IN THE TENTH COURT OF APPEALS

No. 10-13-00026-CV

ELIZABETH CADY, INDIVIDUALLY AND ON BEHALF OF THE ESTATE OF DONALD JASON WILDE, DECEASED, Appellant v.

JIMMIE LEE CARGILE AND TEXAS PREMIER RESOURCES, LLC, Appellees

From the 249th District Court Johnson County, Texas Trial Court No. C201100149

MEMORANDUM OPINION

Donald Wilde had been visiting at a friend’s house. When he left that house after

dark, he borrowed a pickup. Two miles down the road, Wilde crashed into the side of a

tractor-trailer which was stuck and blocking both lanes of traffic. Wilde died as a result

of that crash. Wilde’s mother, Elizabeth Cady, filed a wrongful death action against

Jimmie Lee Cargile, the driver of the tractor-trailer, and Texas Premier Resources, LLC, the trucking company (collectively referred to as Cargile). After a jury trial, the jury

found that Wilde’s death resulted from his own negligence and did not award damages

to Cady. The trial court signed a final judgment ordering that Cady take nothing on her

claims. The trial court’s judgment is affirmed.

ADMISSION OF EXPERT TESTIMONY

We first discuss Cady’s second issue on appeal. In that issue, Cady contends the

trial court erred in admitting Cargile’s expert’s testimony. Specifically, Cady complains

the expert’s testimony was irrelevant and unreliable.

When the offered evidence is the testimony of an expert witness, the court must

apply the principles set forth in the rules governing expert testimony. See TEX. R. EVID.

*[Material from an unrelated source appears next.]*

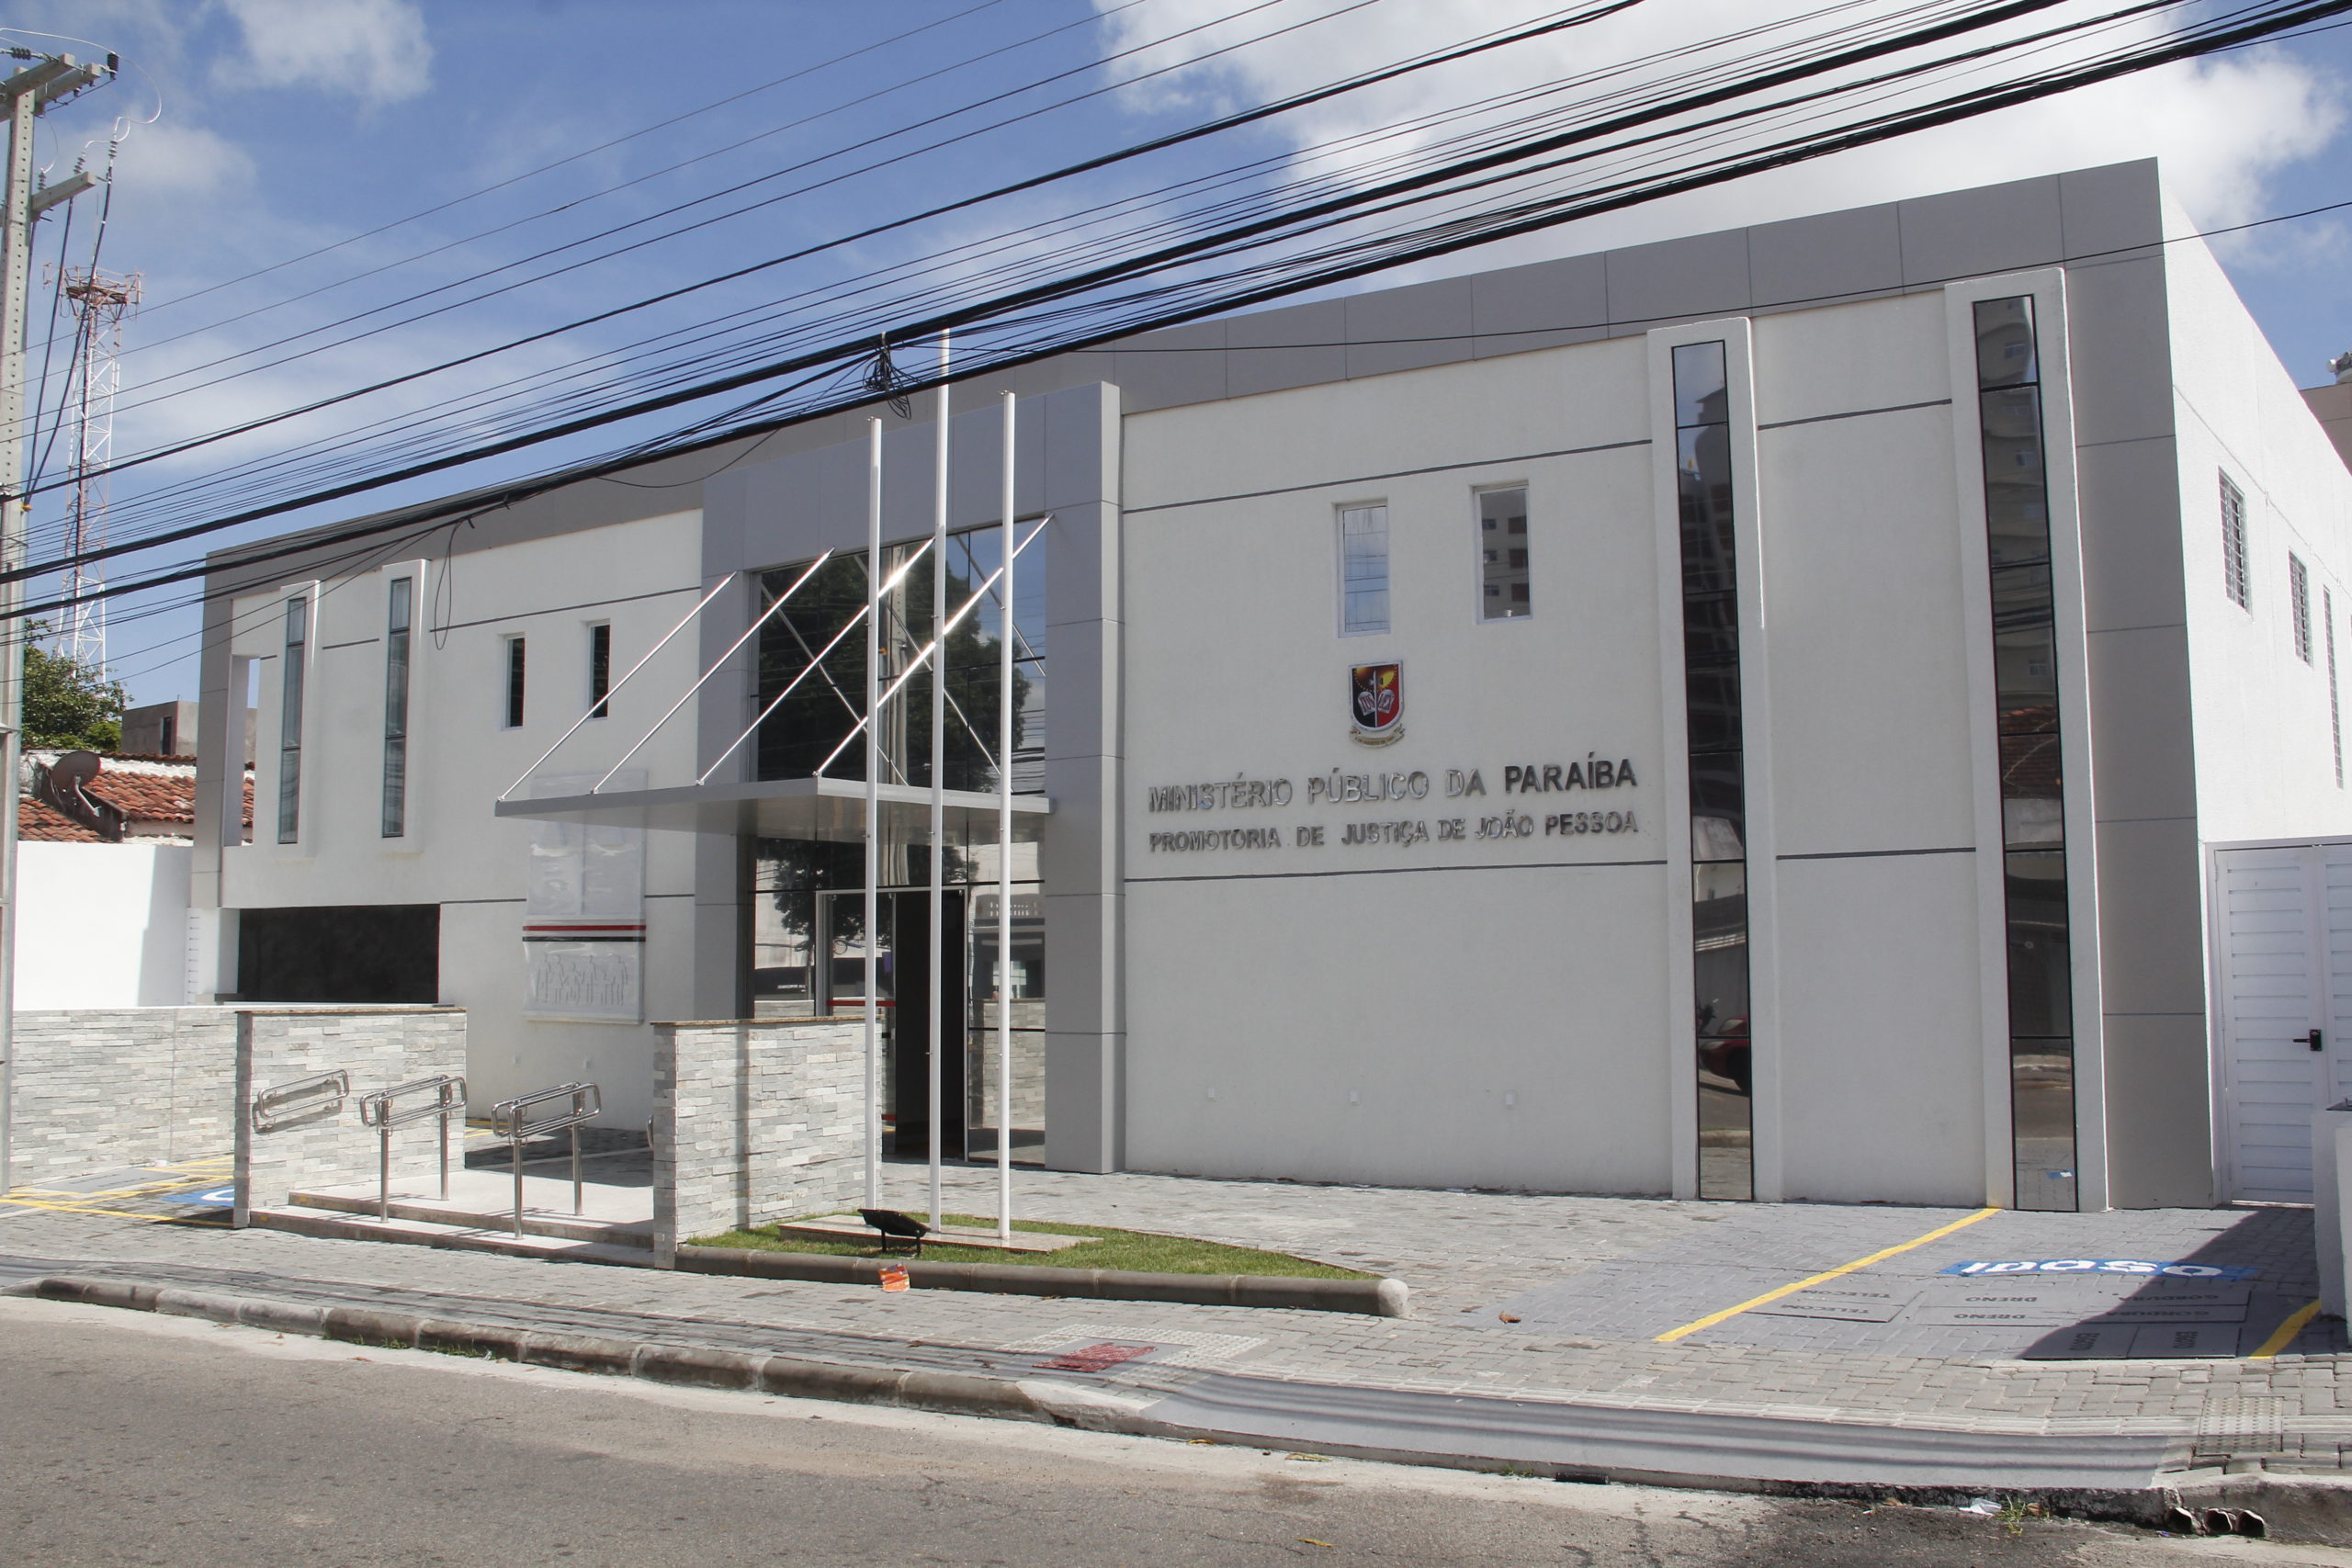 Procurador-geral de Justiça Francisco Seráphico instala nova sede da Promotoria de Justiça de João Pessoa, nesta segunda-feira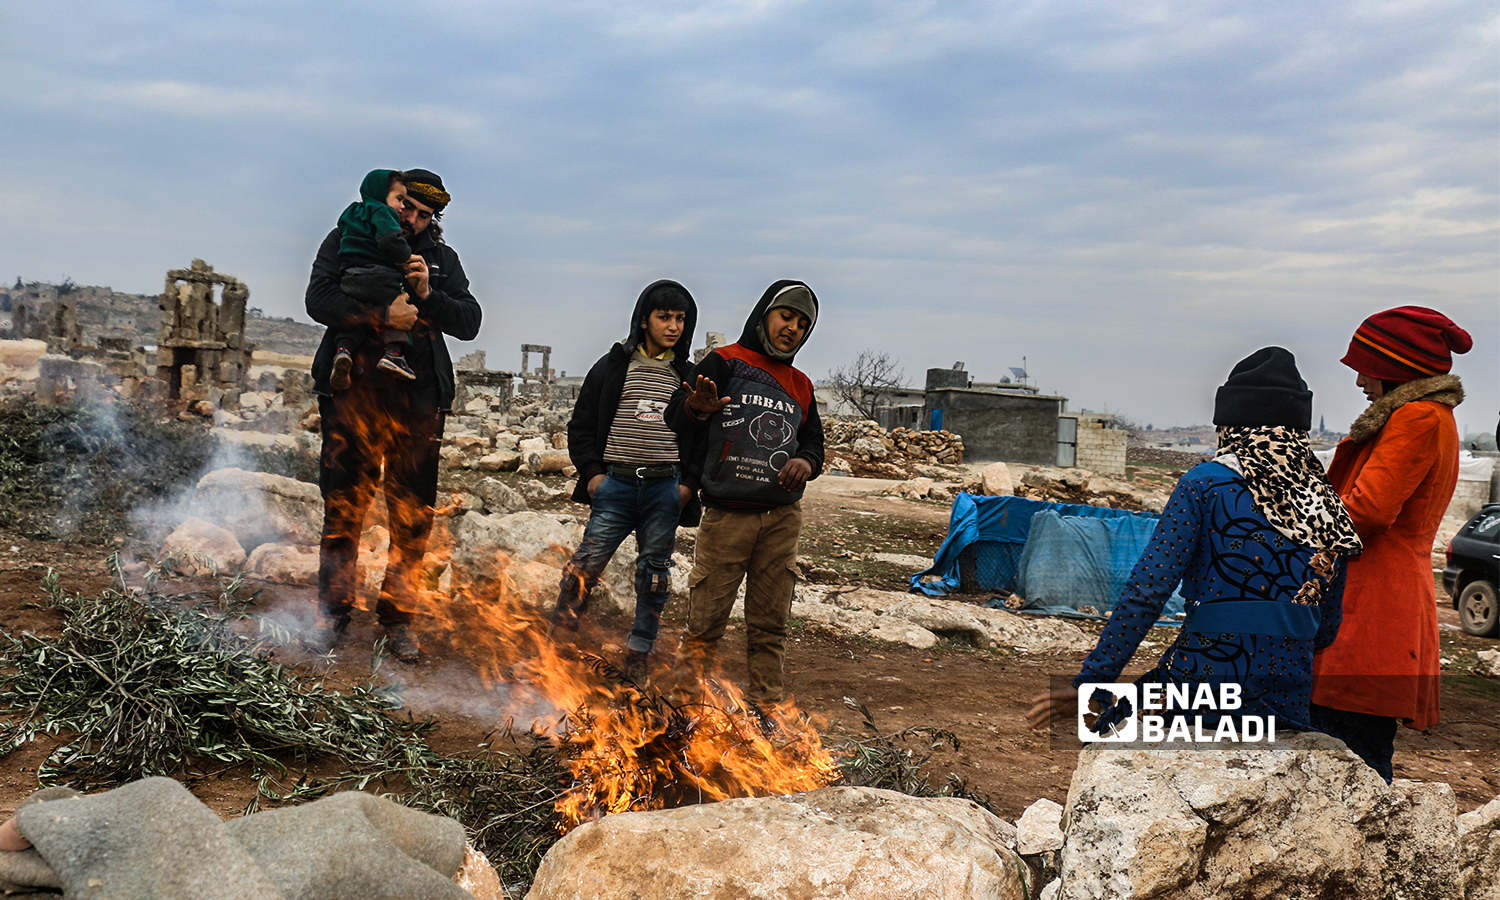 مهجرون سوريون يشعلون نار للتدفئة  في منطقة سرجبلة الأثرية في ريف إدلب الشمالي- 22 كانون الثاني 2022 (عنب بلدي / إياد عبد الجواد)

702-705; North Dallas Diagnostic Ctr. v. Dewberry, 900 S.W.2d 90, 94 (Tex. App.—Dallas

1995, writ denied). A two-part test governs whether expert testimony is admissible: (1)

the expert must be qualified and (2) the testimony must be relevant and based on a

reliable foundation. Helena Chem. Co. v. Wilkins, 47 S.W.3d 486, 499 (Tex. 2001); see

Cooper Tire & Rubber Co. v. Mendez, 204 S.W.3d 797, 800 (Tex. 2006); E.I. du Pont de

Nemours & Co. v. Robinson, 923 S.W.2d 549, 556 (Tex. 1995). Cady does not complain

that Cargile’s expert was not qualified.

Cady contends that the expert’s testimony was unreliable because his

methodology was unreliable and the analytical gap between the data and the opinion

proffered was too great.

Cady v. Cargile Page 2 The trial court serves as an evidentiary gatekeeper by screening out irrelevant

and unreliable expert evidence, and it has broad discretion to determine the

admissibility of such evidence. See Gen. Motors Corp. v. Sanchez, 997 S.W.2d 584, 590

(Tex. 1999); Gammill v. Jack Williams Chevrolet, Inc., 972 S.W.2d 713, 718-19 (Tex. 1998); see

also E.I. du Pont de Nemours & Co. v. Robinson, 923 S.W.2d 549, 558 (Tex. 1995). In

assessing the reliability of expert testimony, a trial court is not to determine whether an

expert's conclusions are correct, but only whether the analysis used to reach those

conclusions is reliable. Gammill, 972 S.W.2d at 726. An expert's testimony can be

unreliable if the expert draws conclusions based on flawed reasoning or

“methodology.” Merrell Dow Pharms., Inc. v. Havner, 953 S.W.2d 706, 714 (Tex. 1997).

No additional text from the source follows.